Abstract:Single-cell RNA sequencing (scRNA-seq) has emerged as a powerful tool to gain biological insights at the cellular level. However, due to technical limitations of the existing sequencing technologies, low gene expression values are often omitted, leading to inaccurate gene counts. Existing methods, including advanced deep learning techniques, struggle to reliably impute gene expressions due to a lack of mechanisms that explicitly consider the underlying biological knowledge of the system. In reality, it has long been recognized that gene–gene interactions may serve as reflective indicators of underlying biology processes, presenting discriminative signatures of the cells.
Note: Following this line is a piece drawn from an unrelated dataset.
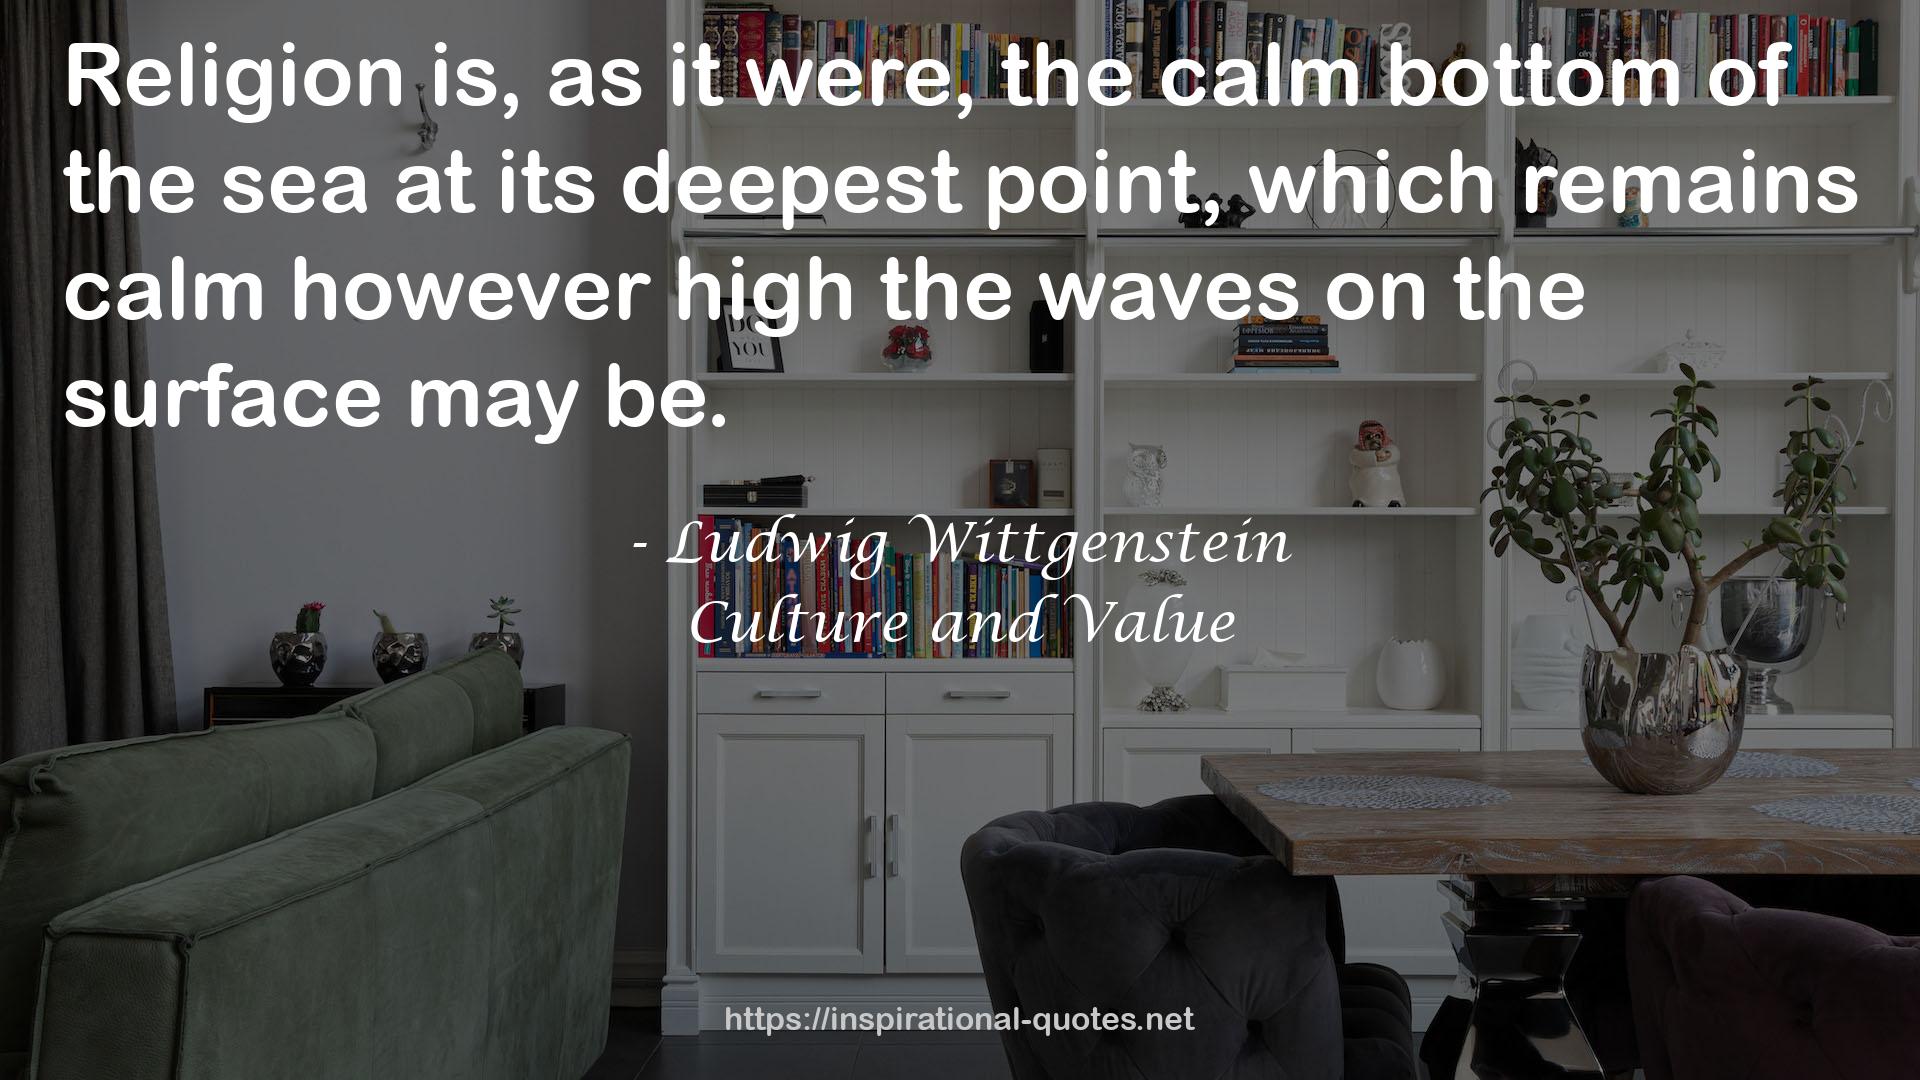 Ludwig Wittgenstein QUOTES

A genomic data analysis framework that is capable of leveraging the underlying gene–gene interactions is thus highly desirable and could allow for more reliable identification of distinctive patterns of the genomic data through extraction and integration of intricate biological characteristics of the genomic data. Here we tackle the problem in two steps to exploit the gene–gene interactions of the system. We first reposition the genes into a 2D grid such that their spatial configuration reflects their interactive relationships. To alleviate the need for labeled ground truth gene expression datasets, a self-supervised 2D convolutional neural network is employed to extract the contextual features of the interactions from the spatially configured genes and impute the omitted values. Extensive experiments with both simulated and experimental scRNA-seq datasets are carried out to demonstrate the superior performance of the proposed strategy against the existing imputation methods.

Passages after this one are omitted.